# Drilling into exterior siding



## Phids (Sep 24, 2020)

I'm looking to install a hose reel on cement fiber siding of my house, which I know is easily done, but it's in a location on the side of the house about 10-15 feet from the gas meter. Maybe I'm being overly cautious, but is there any concern when drilling the pilot holes that I would hit the gas line that goes into the house?


----------



## Ware (Jan 28, 2017)

Phids said:


> I'm looking to install a hose reel on cement fiber siding of my house, which I know is easily done, but it's in a location on the side of the house about 10-15 feet from the gas meter. Maybe I'm being overly cautious, but is there any concern when drilling the pilot holes that I would hit the gas line that goes into the house?


Do you have access to your attic? If so, you could go up there and look around to see where it goes. You would probably find that the gas line goes straight up the wall and into the attic in the same stud cavity where it enters the home - then runs across the attic floor to serve each gas drop in the house.

Are there any other gas appliances on that wall? I think that would be the only scenario where they might have run one horizontally across a stud wall in the vicinity of where it enters the home.


----------



## g-man (Jun 15, 2017)

It is not a steel pipe?


----------



## Ware (Jan 28, 2017)

g-man said:


> It is not a steel pipe?


This too. You would be able to feel the resistance if you started to drill into black gas pipe. You might need to be a little more careful if it is CSST.


----------



## Phids (Sep 24, 2020)

@g-man Yeah, I was wondering if that was standard in residential construction. I just couldn't find anything to confirm that.

@Ware I imagine it is CSST based on the construction date of 2019. I don't recall seeing anything in the attic like that when I've been up there, but I haven't been looking for it. Thanks for the suggestion.


----------



## Ware (Jan 28, 2017)

Phids said:


> @Ware I imagine it is CSST based on the construction date of 2019...


Not to stray off topic, but I wouldn't make that assumption based on the build date alone. It is still very common to see threaded black pipe used for gas in new homes.


----------



## bosox_5 (Jun 20, 2018)

I have threaded black pipe in my house for gas. Its in the basement.

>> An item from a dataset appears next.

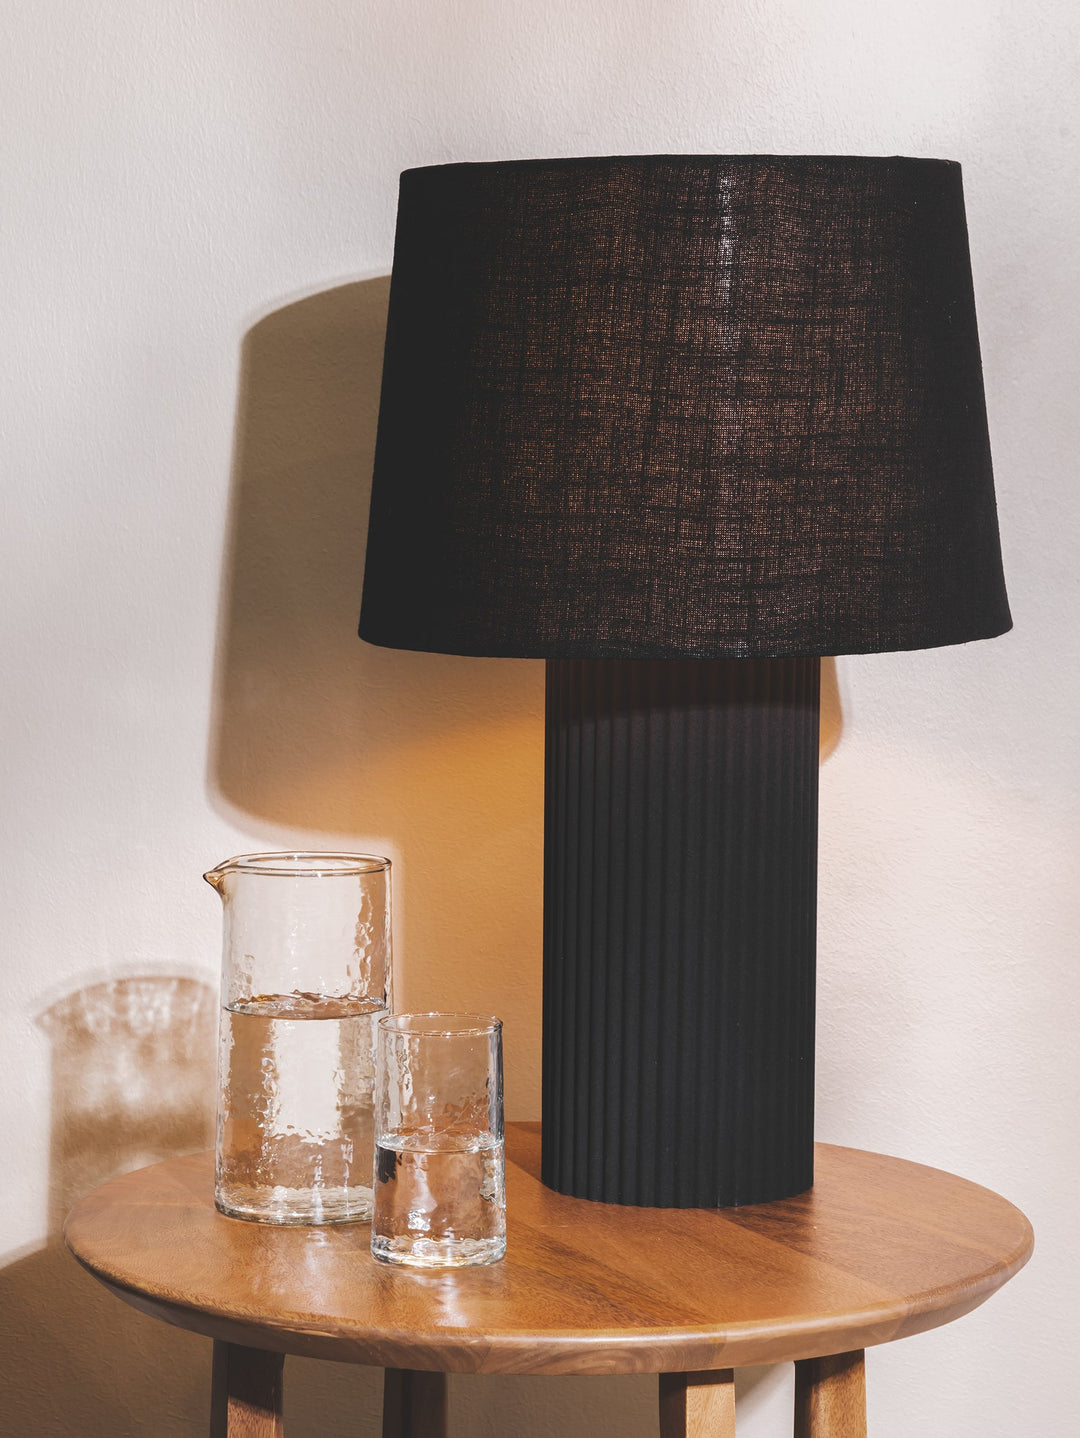 Raphael Table Light in Nero - Hertex Haus Online - Homeware
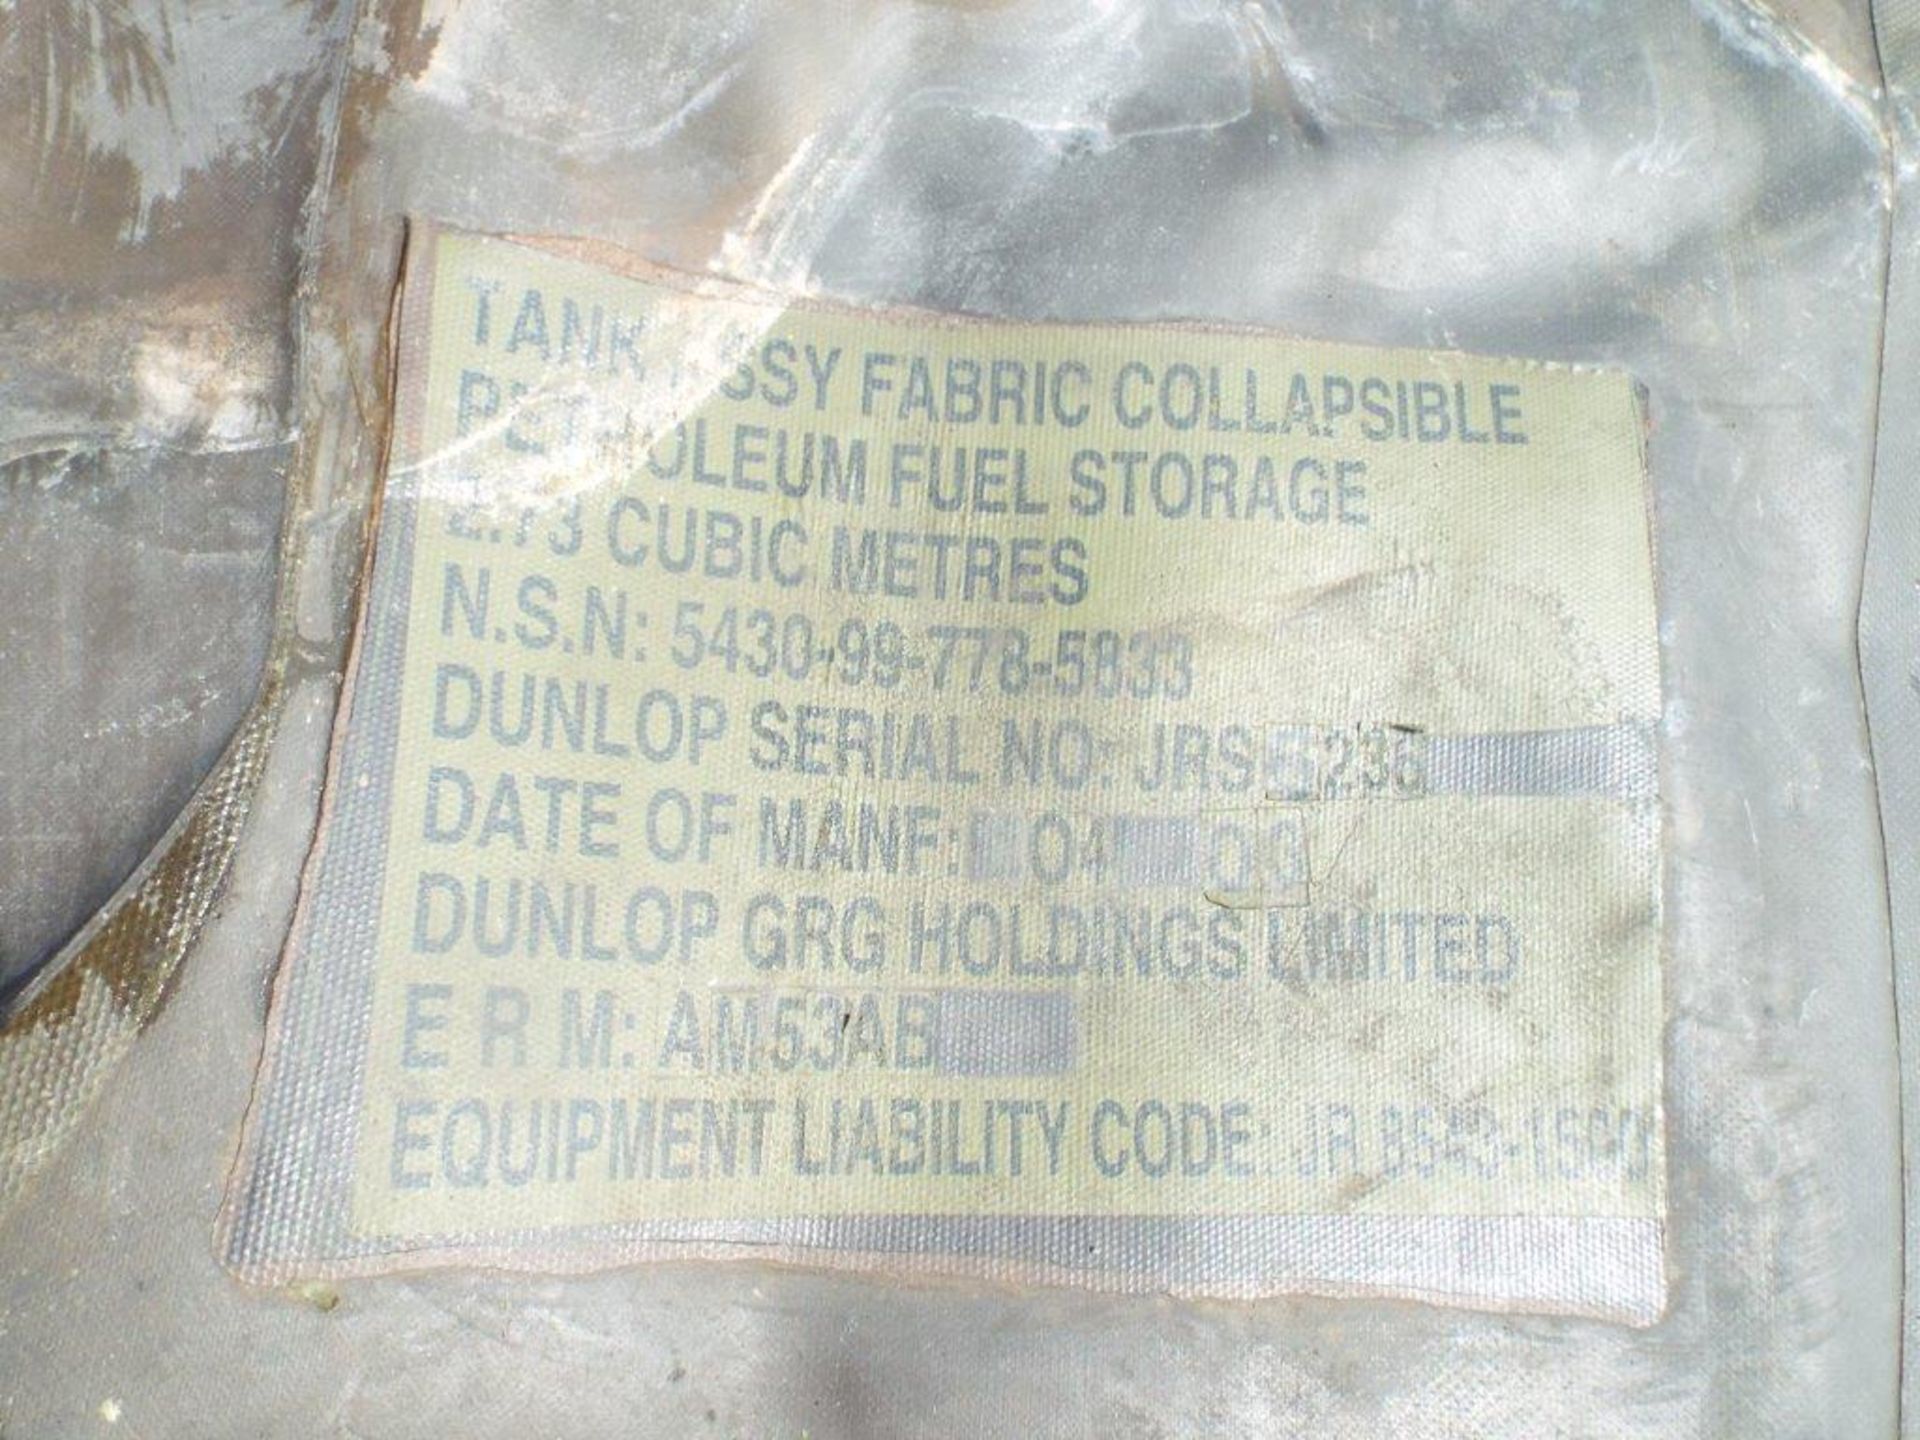 Dunlop 600 Gal Collapsible Fuel/Fluid Storage Bladder - Image 8 of 10

House was built it 2016


----------



## Phids (Sep 24, 2020)

I guess I was under the impression that CSST is cheaper and faster to work with, so my builder would have gone with it. But even if not, I'm guessing I'll be safe. From what I understand, CSST is corrugated stainless steel underneath the yellow tubing, so I wouldn't be drilling into that so easily.


----------



## Ware (Jan 28, 2017)

It is stainless steel, but it has a very thin wall.


----------